Additional Diagnostic Aids
Dogs with testicular hypoplasia or aplasia, abnormal external phenotype, or other signs consistent with intersex conditions should be karyotyped. Numerous additional tests exist for spermatozoal structure and function. These include tests of membrane integrity, acrosomal structure and integrity, binding ability to oocytes and oviductal cells, penetrating ability of oocytes, and computer-assisted analysis of patterns of motility and morphology. Few of these parameters have been associated with fertility in the dog. Molecular and genomic methods are becoming available for determining the genetic basis of reproductive disease.

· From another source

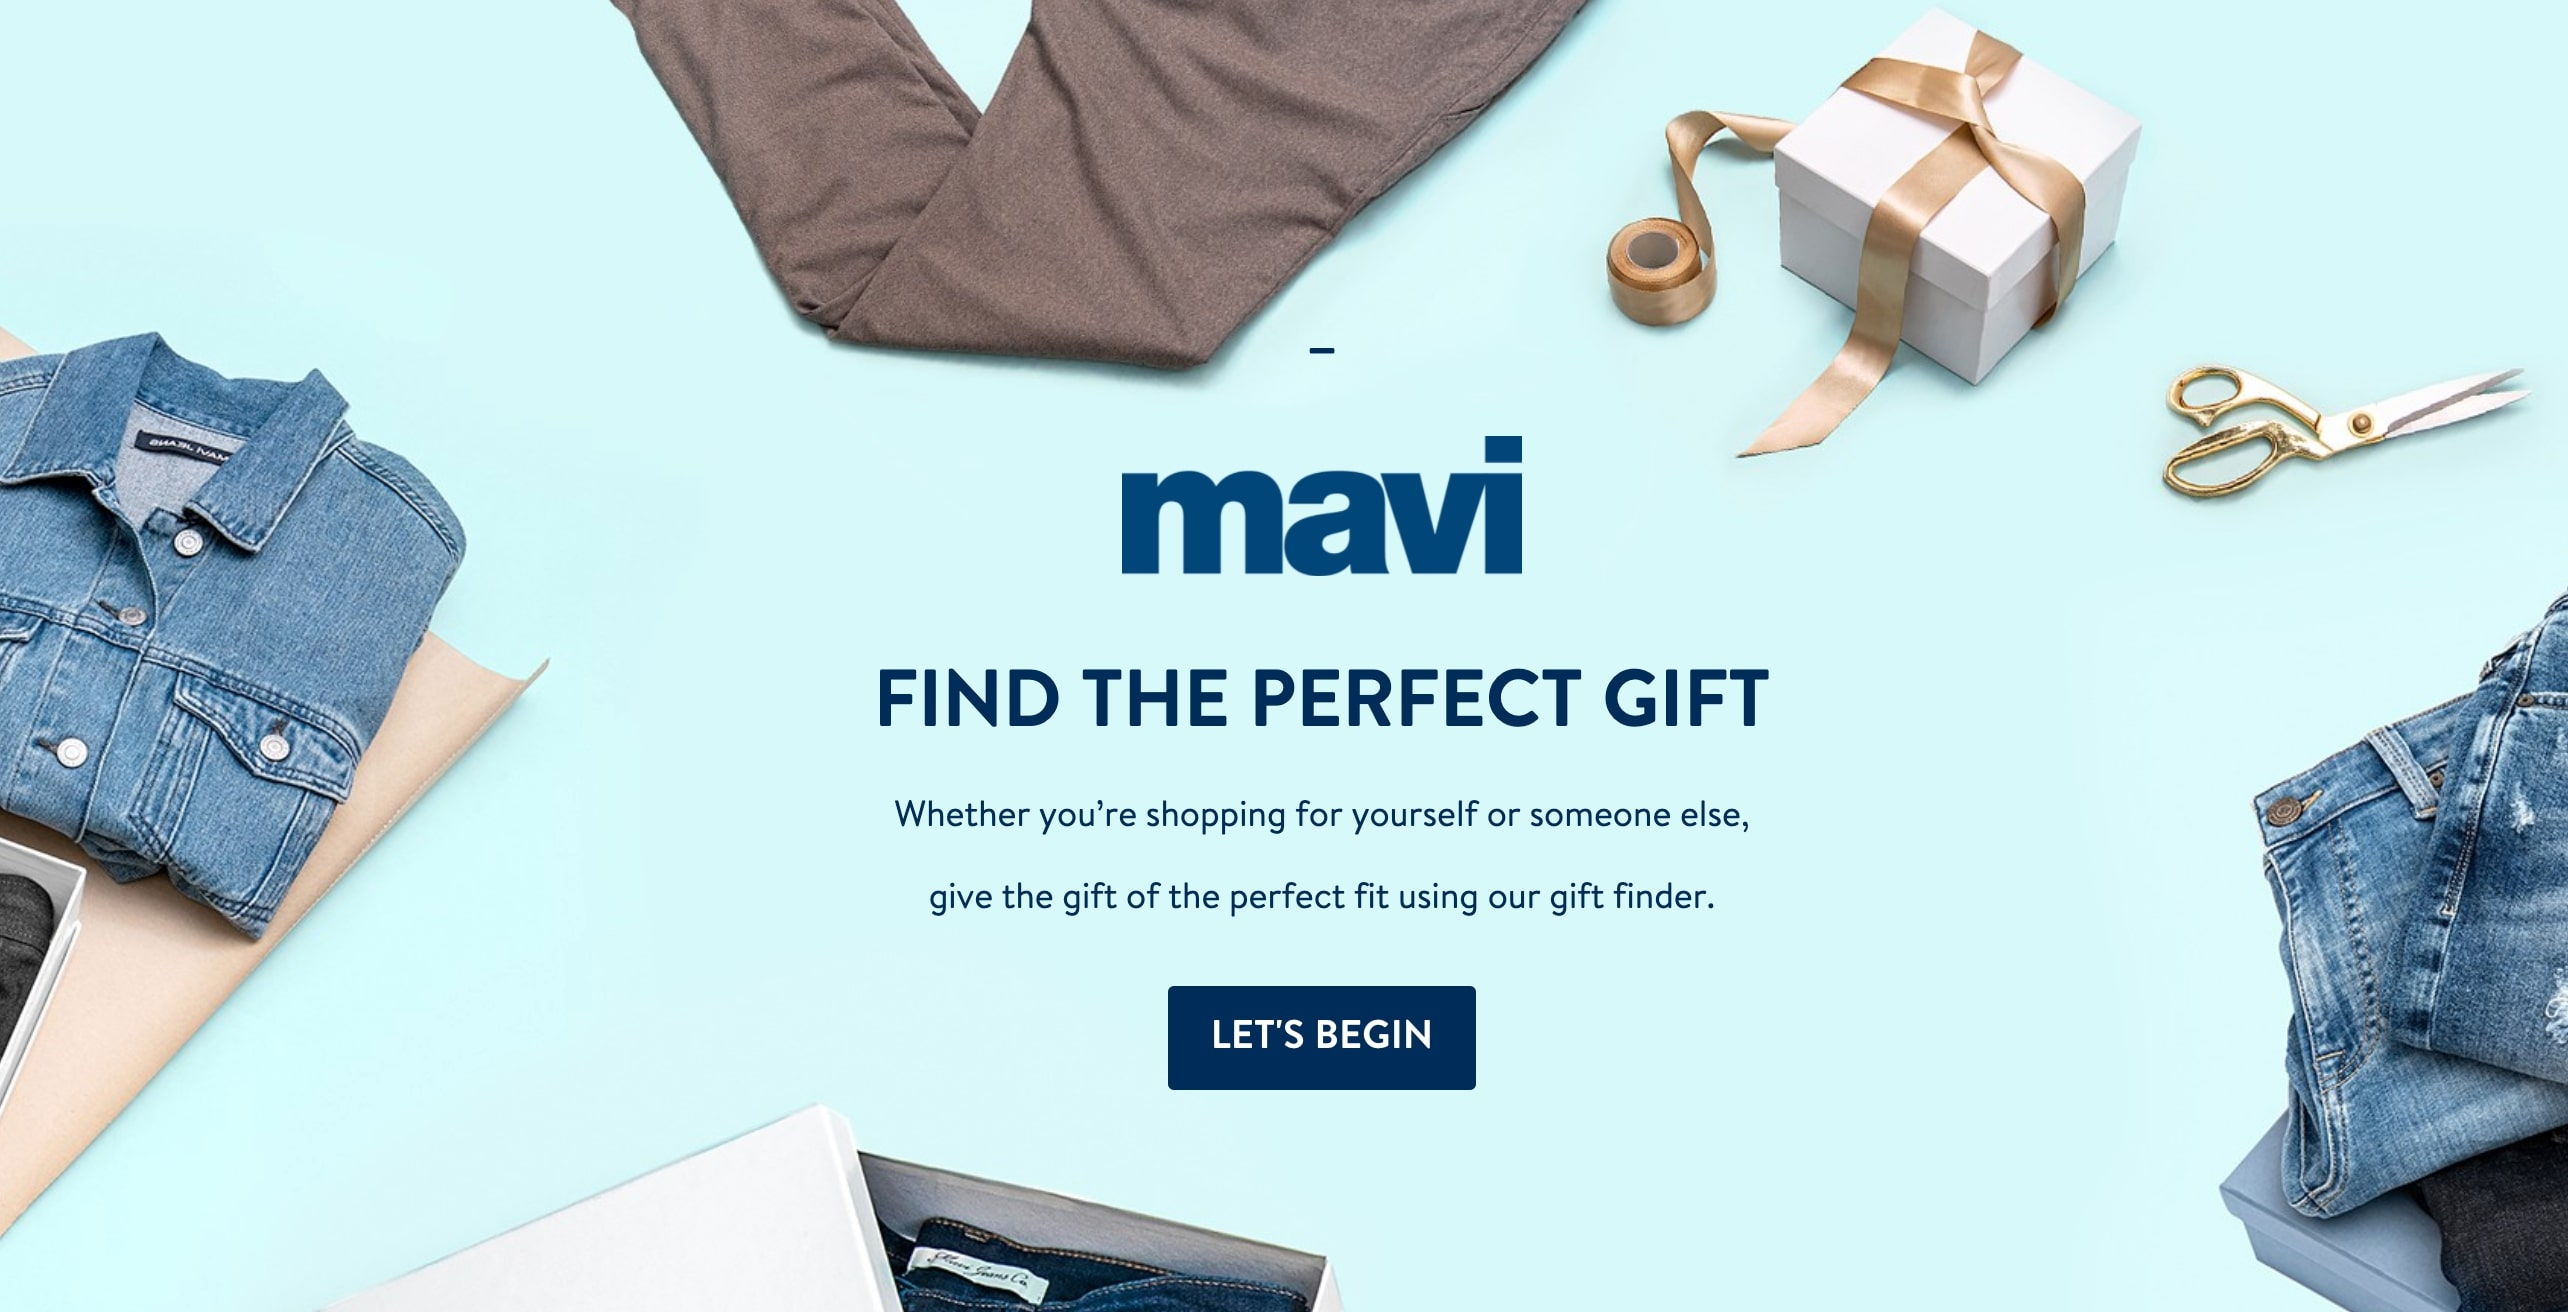 Apparel quiz - Mavi jeans - gift finder

1. Foote RH. The influence of frequency of semen collection, fractionation of the ejaculate, and dilution rate on the survival of stored dog sperm. Cornell Vet. 1964;54:89–97.
2. Root Kustritz MV, Hess M. Effect of administration of prostaglandin F2alpha or presence of an estrous teaser bitch on characteristics of the canine ejaculate. Theriogenol. 2007;67:255–258.
3. Olson PSN. Disorders of the canine prostate gland. Proc Soc for Theriogenol. 1994:46–60.
4. Purswell BJ, Althouse GC, Root Kustritz MV. Guidelines for using the canine breeding soundness evaluation form. Clin Theriogenol. 2010;2:51–59.